Se trata de la película Emilia Pérez de  Jacques Audiard, muy criticada por sus sesgos raciales, de género y por su irrespeto al apropiar temas culturales muy sensibles  sin ningún estudio serio, reducidos a estereotipos superficiales. Sin embargo, más allá de eso, hay que resaltar su contribución, profunda y perfectamente consciente, al facilismo en el pensamiento, uno de los más grandes males contemporáneos cultivado por la hegemonía de las élites a través de la muy eficaz industria cultural globalizada.

1.

“De lo que no se puede hablar, mejor es callarse”, concluía Wittgenstein, después de una larga reflexión sobre el lenguaje; expresión emparentada con observaciones como “todo aquello que puede ser pensado, puede ser pensado claramente”. “Para saber algo es preciso estudiar” dictaminaba Brecht a través de su alter ego el señor K., criticando nada más ni nada menos que a Sócrates. Todo artista serio sabe que lo más importante no son las cosas, los medios, los efectos, las concesiones a la moda, sino tener algo que decir. 
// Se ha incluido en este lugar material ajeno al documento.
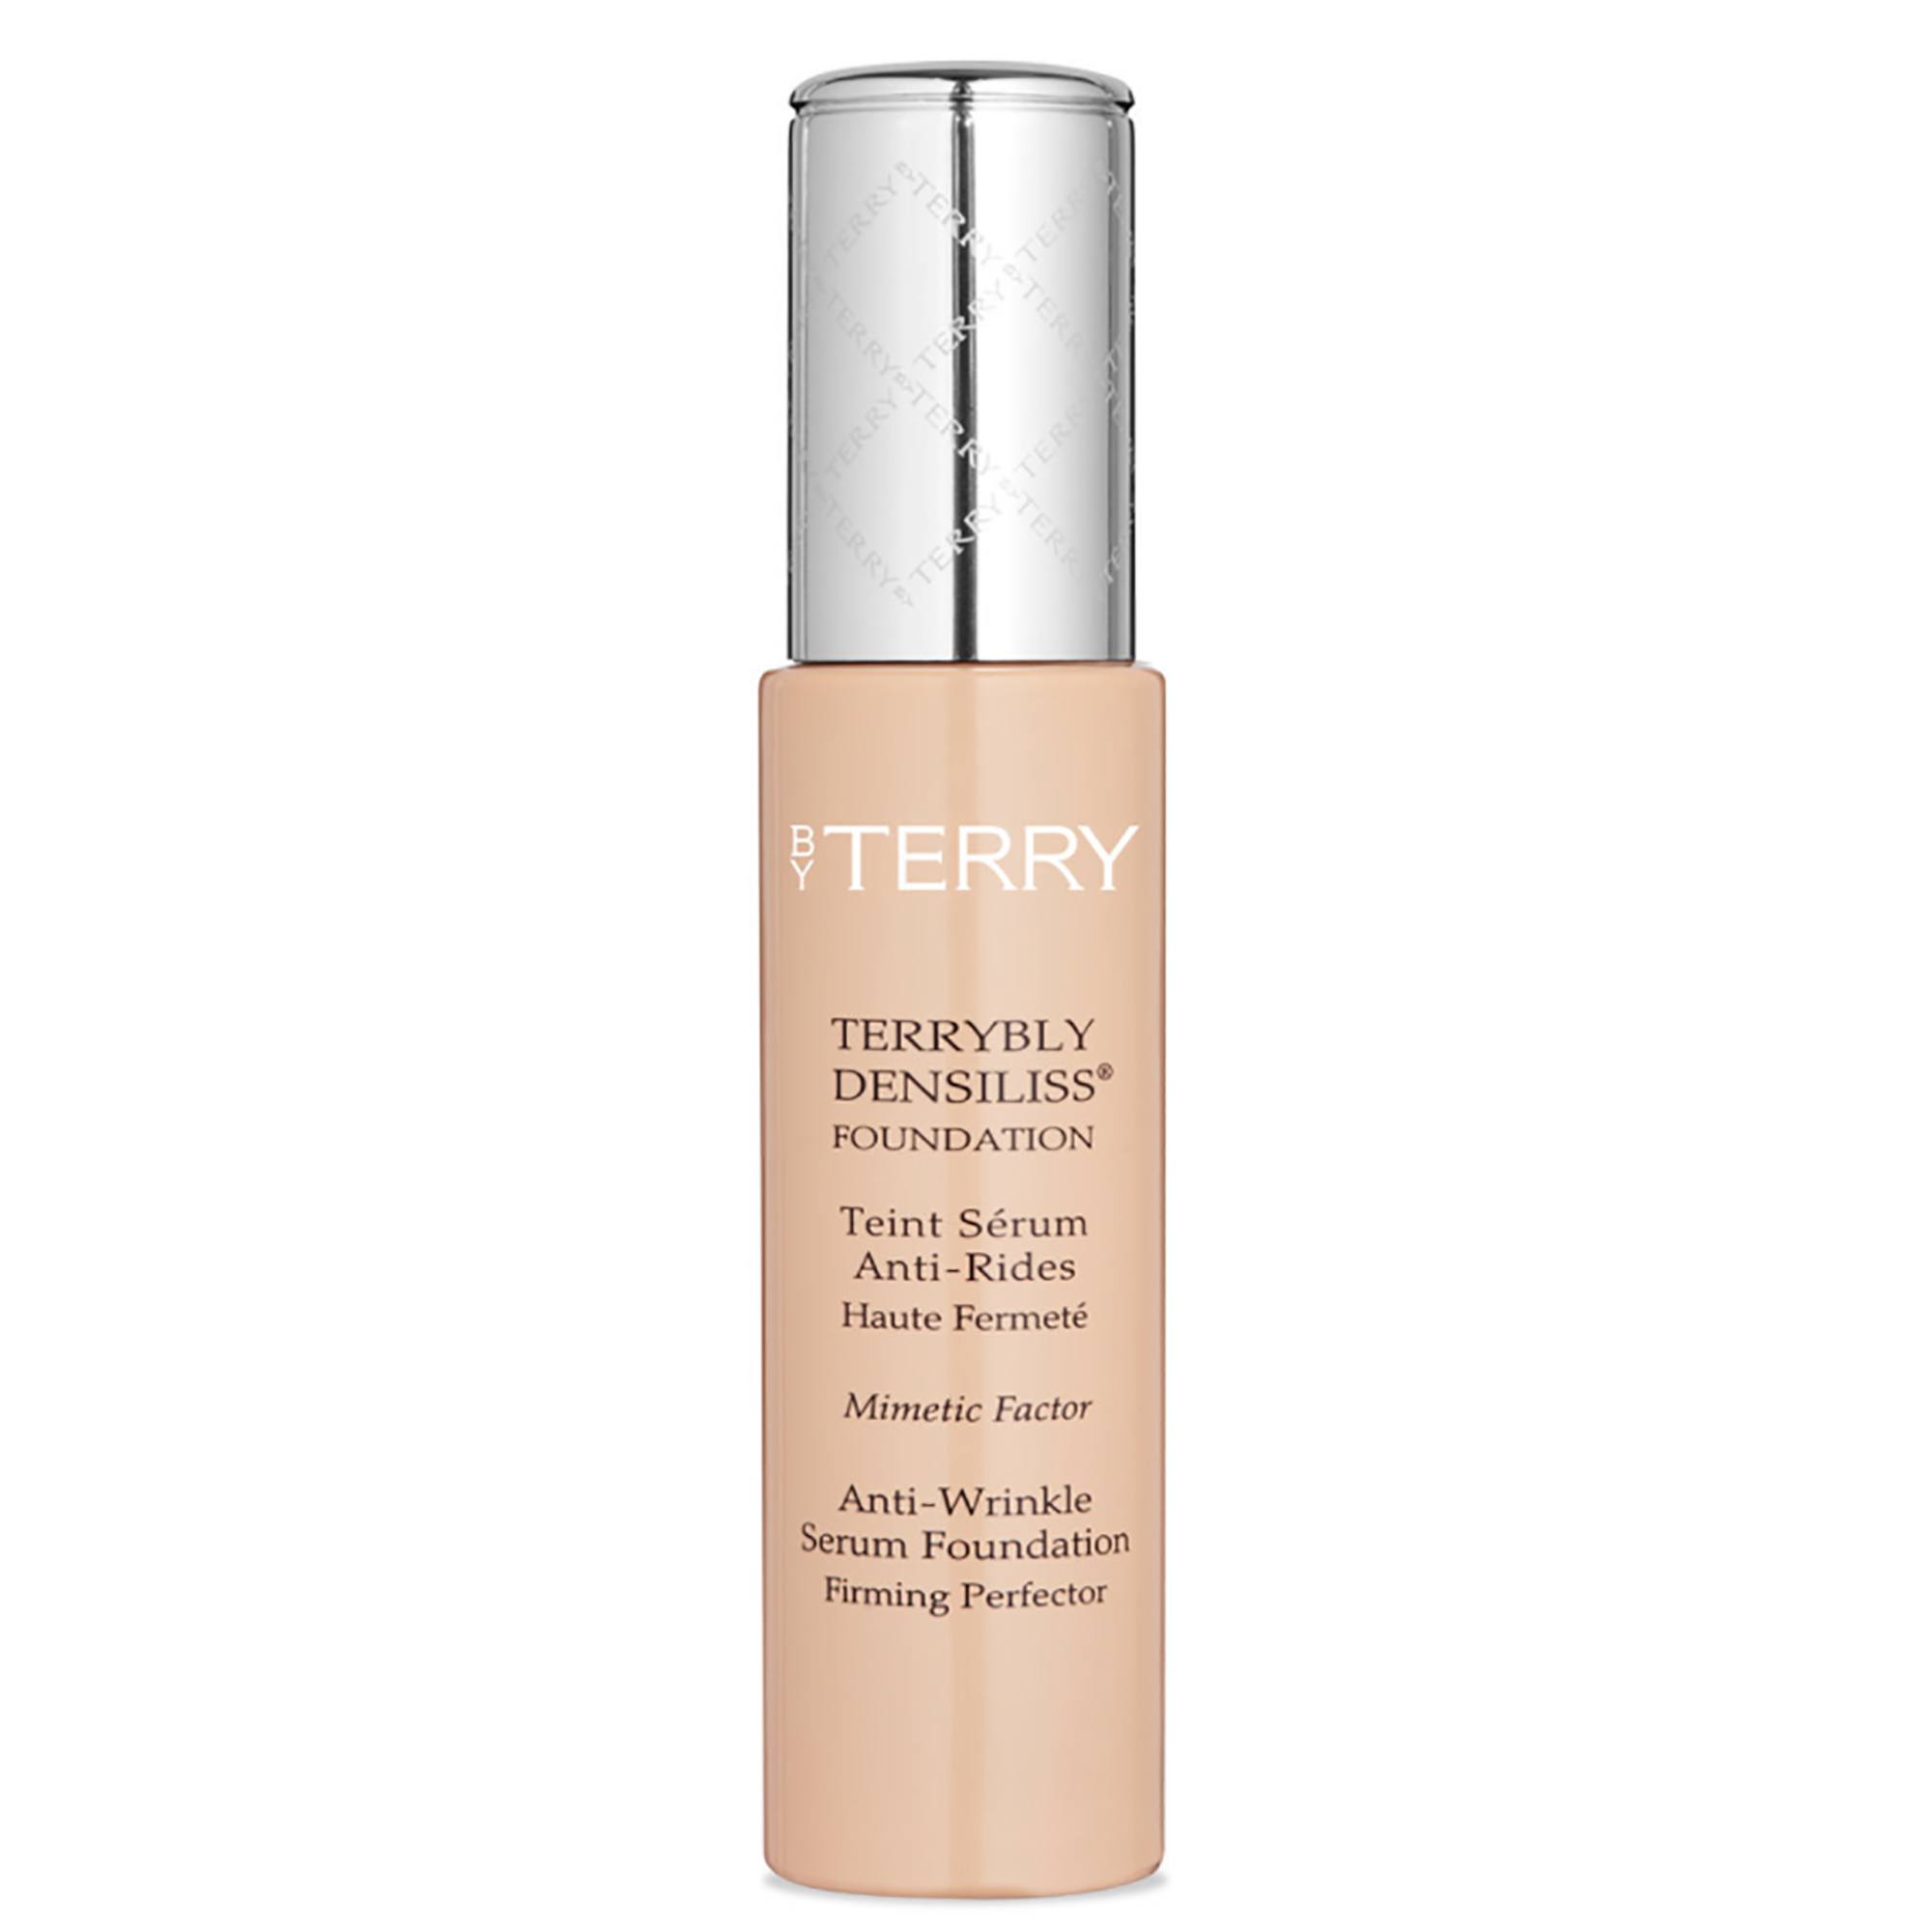 By Terry Terrybly Densiliss Anti-Wrinkle Serum Foundation #5 Rosy Sand

Algo que merezca ser enunciado públicamente; algo de lo que se tiene algún conocimiento, que se ha estudiado. No basta repetir prejuicios ampliamente extendidos, lugares comunes sin ninguna profundidad, sino enunciar un contenido que ha sido depurado por la reflexión, el estudio, la crítica y la autocrítica.

Apuntalar prejuicios o generar unos nuevos en el espacio social, implica un daño al pensamiento. No necesitamos más creaciones artísticas grandilocuentes que lo único que tienen para mostrar son las sublimes elucubraciones de ignorantes con dinero y ambición.

2.

Me gustaría decir que Emilia Pérez es una película inútil y pasar a otra cosa, pero es más bien una película peligrosa porque, al contribuir a banalizar todo un universo social, resulta altamente útil a los peores poderes. La ignorancia es cosa grave; para quienes no han tenido acceso a la educación, ni una guía mayor en la vida, es una tragedia, el mayor ingrediente de esa gigantesca catástrofe que es la pobreza. Para quien tiene los medios de superarla y no lo hace, la ignorancia es un crimen y para quien intencionalmente  la cultiva en sí mismo y en los demás, es un crimen de lesa humanidad.

Una persona,  artista, intelectual, activista, profesora, que intenta intervenir en el debate y la acción social (y hacer una película de difusión masiva y presencia en festivales internacionales es una intervención política mayor), que pretende proponer imágenes colectivas y reflexiones sociales, puede equivocarse, disentir, ensayar, proponer, ironizar; puede errar legítimamente, pero cuando lo único claro que muestran sus imágenes es un ego que no sabe ver más allá de su mezquino horizonte ideológico y no propone nada de fondo sobre la vida de los Otros, se convierte en una especie de instrumento de guerra que hay que denunciar fuertemente.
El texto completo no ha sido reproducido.